##### RECORD SET

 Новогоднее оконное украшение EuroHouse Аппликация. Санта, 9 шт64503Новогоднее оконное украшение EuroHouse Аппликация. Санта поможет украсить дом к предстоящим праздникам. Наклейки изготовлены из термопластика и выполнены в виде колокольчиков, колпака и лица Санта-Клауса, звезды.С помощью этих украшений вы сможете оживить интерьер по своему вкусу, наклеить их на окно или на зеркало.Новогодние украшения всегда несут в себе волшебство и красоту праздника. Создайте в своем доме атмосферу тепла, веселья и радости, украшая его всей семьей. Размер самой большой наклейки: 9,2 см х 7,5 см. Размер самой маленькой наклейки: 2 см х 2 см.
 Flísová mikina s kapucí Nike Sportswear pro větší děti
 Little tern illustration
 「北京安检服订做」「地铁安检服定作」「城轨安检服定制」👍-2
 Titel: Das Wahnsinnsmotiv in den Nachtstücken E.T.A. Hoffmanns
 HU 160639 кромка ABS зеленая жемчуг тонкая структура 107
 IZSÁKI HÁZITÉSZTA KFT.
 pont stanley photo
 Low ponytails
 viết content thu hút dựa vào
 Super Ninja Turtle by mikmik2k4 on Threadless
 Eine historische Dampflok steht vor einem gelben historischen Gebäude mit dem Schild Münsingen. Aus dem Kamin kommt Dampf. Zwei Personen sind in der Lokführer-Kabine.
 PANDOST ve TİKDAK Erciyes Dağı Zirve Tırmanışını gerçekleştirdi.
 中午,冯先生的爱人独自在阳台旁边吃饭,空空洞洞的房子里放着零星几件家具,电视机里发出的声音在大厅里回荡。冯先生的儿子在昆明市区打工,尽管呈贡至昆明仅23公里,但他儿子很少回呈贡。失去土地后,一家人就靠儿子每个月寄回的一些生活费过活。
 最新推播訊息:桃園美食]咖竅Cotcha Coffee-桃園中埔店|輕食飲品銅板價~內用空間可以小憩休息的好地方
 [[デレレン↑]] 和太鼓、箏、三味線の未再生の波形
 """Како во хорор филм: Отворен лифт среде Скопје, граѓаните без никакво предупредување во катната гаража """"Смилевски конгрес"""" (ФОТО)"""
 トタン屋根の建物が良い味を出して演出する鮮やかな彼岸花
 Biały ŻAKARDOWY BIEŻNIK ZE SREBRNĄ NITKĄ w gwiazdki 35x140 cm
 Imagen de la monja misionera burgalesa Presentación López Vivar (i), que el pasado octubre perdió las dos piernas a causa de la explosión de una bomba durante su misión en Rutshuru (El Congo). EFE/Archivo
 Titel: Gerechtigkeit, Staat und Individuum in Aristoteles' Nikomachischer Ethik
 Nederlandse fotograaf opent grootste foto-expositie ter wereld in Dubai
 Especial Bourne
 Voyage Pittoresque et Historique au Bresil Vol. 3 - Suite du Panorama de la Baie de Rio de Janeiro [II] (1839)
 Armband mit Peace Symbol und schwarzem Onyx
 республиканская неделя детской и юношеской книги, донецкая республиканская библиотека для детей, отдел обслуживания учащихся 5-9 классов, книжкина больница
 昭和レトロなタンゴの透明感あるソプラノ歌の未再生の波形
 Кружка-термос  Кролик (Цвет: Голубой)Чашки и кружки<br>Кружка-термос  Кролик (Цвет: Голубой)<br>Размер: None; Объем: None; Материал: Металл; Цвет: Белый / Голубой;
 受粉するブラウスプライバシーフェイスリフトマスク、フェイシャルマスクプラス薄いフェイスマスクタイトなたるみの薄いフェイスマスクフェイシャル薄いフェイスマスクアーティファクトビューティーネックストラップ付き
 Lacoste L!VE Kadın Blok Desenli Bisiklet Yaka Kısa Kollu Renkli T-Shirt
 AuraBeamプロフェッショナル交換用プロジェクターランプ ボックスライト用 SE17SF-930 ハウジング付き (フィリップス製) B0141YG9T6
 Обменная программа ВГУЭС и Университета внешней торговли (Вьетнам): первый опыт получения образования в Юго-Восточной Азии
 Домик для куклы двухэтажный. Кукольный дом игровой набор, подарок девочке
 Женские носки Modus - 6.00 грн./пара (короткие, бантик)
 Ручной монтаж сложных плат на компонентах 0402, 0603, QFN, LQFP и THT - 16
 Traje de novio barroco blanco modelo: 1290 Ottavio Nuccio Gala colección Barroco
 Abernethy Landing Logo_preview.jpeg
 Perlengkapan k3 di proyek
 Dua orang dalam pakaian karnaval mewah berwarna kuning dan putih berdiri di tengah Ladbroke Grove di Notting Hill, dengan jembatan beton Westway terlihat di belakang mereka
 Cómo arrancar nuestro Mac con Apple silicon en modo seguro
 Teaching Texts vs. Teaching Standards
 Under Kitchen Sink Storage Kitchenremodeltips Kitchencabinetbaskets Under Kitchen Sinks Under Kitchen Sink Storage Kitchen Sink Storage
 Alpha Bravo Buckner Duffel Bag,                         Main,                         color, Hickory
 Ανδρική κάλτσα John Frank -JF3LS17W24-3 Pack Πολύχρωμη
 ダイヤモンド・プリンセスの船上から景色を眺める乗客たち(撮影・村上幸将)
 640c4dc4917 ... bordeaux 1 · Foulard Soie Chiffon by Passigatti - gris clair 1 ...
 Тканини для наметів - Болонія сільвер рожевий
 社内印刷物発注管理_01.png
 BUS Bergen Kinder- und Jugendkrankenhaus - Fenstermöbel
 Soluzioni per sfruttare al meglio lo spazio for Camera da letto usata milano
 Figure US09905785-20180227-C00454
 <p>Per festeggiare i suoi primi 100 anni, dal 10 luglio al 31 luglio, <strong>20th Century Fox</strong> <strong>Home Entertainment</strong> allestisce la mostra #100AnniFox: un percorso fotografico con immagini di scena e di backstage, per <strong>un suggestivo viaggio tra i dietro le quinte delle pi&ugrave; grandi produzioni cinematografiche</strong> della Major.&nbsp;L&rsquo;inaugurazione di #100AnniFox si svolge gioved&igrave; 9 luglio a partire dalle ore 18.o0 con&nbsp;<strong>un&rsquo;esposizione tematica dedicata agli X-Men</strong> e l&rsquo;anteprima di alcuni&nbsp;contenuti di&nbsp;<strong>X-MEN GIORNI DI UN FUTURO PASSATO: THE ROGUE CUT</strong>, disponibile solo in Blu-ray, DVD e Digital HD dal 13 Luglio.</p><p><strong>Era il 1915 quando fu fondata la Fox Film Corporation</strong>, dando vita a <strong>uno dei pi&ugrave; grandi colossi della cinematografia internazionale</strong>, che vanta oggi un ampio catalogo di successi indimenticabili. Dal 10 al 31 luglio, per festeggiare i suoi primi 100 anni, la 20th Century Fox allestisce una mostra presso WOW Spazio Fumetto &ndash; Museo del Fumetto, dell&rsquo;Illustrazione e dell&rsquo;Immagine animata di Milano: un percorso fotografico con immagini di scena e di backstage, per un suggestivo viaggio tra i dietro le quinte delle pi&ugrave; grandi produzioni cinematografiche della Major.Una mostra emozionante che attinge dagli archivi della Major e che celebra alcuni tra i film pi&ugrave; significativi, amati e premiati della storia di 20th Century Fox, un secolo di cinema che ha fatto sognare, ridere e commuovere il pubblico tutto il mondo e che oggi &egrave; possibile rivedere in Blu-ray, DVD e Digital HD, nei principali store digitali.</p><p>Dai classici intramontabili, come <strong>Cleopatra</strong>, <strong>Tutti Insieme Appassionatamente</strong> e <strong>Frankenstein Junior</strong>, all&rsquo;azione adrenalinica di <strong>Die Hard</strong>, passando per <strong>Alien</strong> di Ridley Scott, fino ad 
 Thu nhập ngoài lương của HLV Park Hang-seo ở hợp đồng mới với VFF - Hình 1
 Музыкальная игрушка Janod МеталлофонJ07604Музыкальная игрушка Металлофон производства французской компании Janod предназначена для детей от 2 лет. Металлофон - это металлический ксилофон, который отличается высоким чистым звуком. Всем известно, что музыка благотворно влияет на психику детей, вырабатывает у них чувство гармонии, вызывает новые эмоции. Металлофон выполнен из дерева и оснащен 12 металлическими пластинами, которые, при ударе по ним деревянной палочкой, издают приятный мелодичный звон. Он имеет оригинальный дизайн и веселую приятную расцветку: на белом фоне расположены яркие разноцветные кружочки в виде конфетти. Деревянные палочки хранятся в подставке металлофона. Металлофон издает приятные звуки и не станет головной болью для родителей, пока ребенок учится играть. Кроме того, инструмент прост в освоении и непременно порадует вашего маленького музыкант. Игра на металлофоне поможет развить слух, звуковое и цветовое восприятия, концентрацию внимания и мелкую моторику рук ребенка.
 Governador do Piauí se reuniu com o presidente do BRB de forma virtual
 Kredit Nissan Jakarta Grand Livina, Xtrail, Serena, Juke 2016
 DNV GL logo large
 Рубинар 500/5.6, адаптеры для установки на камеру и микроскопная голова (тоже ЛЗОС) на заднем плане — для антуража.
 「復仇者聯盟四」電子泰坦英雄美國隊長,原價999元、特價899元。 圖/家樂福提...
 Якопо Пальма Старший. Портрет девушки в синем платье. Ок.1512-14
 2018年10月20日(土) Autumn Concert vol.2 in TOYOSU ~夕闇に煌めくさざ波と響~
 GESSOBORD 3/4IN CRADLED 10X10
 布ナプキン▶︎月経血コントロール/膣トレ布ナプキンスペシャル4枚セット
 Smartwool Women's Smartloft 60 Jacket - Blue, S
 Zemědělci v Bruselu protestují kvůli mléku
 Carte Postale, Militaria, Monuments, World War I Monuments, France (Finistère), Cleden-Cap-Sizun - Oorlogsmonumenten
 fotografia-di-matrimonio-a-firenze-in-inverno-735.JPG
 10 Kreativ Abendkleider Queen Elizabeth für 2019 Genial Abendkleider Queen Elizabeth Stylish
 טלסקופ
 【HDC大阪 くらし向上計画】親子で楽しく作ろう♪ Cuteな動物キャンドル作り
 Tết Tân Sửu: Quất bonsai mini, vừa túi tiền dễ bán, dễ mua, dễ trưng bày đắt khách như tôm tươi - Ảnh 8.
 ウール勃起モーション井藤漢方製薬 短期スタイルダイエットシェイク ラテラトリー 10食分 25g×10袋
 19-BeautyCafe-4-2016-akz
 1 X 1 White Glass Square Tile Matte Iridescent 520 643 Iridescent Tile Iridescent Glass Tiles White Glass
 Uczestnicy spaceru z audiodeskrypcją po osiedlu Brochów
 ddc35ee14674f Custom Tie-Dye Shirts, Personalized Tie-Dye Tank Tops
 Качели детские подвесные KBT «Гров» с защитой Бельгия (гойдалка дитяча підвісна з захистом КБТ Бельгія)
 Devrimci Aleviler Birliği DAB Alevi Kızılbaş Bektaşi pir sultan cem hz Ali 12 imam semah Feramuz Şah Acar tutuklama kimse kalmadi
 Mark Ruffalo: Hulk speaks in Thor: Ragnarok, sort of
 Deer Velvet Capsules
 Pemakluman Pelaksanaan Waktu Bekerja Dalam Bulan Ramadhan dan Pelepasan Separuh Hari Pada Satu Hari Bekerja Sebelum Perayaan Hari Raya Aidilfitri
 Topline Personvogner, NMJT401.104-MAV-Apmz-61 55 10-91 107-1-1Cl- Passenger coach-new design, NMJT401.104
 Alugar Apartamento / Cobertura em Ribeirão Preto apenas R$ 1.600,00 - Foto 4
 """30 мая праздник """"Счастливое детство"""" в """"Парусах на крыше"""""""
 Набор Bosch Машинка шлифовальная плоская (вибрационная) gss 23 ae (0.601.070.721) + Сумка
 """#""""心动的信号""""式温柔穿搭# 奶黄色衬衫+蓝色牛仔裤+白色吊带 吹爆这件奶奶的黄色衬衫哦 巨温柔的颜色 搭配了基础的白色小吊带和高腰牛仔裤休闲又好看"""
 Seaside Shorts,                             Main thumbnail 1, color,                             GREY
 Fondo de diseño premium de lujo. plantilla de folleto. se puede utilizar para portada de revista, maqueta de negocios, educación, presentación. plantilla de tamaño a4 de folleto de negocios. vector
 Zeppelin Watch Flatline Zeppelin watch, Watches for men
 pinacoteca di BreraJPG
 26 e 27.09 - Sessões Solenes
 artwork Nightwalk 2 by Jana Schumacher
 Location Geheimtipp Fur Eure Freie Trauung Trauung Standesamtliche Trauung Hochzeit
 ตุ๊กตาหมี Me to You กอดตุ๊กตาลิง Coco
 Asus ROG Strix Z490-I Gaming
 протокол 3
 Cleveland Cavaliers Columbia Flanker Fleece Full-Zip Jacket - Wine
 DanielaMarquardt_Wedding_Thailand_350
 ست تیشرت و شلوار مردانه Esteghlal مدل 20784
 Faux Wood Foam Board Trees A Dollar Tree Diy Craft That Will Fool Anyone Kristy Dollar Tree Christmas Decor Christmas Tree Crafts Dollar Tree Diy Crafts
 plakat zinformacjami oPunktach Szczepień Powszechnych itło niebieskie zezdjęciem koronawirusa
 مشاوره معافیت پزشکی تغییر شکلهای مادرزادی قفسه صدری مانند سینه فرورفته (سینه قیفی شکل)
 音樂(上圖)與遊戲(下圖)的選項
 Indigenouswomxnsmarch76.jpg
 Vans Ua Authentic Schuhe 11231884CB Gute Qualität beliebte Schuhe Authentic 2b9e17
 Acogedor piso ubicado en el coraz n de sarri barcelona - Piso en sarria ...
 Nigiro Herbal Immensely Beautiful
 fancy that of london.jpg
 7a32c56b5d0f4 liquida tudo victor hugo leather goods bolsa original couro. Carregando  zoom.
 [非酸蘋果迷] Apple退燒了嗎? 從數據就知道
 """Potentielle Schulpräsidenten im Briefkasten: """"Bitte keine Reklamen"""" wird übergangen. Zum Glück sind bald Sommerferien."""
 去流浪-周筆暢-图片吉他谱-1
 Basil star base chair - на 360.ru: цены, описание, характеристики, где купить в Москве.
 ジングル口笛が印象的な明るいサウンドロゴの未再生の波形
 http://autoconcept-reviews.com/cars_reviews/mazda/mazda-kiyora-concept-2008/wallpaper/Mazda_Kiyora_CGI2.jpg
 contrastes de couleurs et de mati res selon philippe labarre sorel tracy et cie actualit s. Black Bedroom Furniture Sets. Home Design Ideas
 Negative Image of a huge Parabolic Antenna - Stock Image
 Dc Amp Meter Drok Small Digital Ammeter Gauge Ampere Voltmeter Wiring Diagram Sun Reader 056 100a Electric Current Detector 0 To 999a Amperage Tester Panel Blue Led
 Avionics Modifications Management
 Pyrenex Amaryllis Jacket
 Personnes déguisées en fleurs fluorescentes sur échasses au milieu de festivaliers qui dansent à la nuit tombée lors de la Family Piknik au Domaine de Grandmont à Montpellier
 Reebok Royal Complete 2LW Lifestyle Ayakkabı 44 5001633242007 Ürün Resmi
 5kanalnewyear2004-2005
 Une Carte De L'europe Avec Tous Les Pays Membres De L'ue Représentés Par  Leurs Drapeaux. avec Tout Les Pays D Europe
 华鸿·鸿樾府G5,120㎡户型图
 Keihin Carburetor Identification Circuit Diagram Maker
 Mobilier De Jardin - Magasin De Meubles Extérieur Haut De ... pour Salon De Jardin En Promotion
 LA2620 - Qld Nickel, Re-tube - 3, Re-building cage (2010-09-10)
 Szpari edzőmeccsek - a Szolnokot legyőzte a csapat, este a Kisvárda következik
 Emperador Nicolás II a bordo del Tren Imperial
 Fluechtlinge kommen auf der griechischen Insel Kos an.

##########

**ACTIVITY:** What is needed is an exact copy of the lines above, from the one containing "ジングル口笛が印象的な明るいサウンドロゴの未再生の波形" through the one containing "5kanalnewyear2004-2005", with nothing added.

**EXERCISE SOLUTION:**
 ジングル口笛が印象的な明るいサウンドロゴの未再生の波形
 http://autoconcept-reviews.com/cars_reviews/mazda/mazda-kiyora-concept-2008/wallpaper/Mazda_Kiyora_CGI2.jpg
 contrastes de couleurs et de mati res selon philippe labarre sorel tracy et cie actualit s. Black Bedroom Furniture Sets. Home Design Ideas
 Negative Image of a huge Parabolic Antenna - Stock Image
 Dc Amp Meter Drok Small Digital Ammeter Gauge Ampere Voltmeter Wiring Diagram Sun Reader 056 100a Electric Current Detector 0 To 999a Amperage Tester Panel Blue Led
 Avionics Modifications Management
 Pyrenex Amaryllis Jacket
 Personnes déguisées en fleurs fluorescentes sur échasses au milieu de festivaliers qui dansent à la nuit tombée lors de la Family Piknik au Domaine de Grandmont à Montpellier
 Reebok Royal Complete 2LW Lifestyle Ayakkabı 44 5001633242007 Ürün Resmi
 5kanalnewyear2004-2005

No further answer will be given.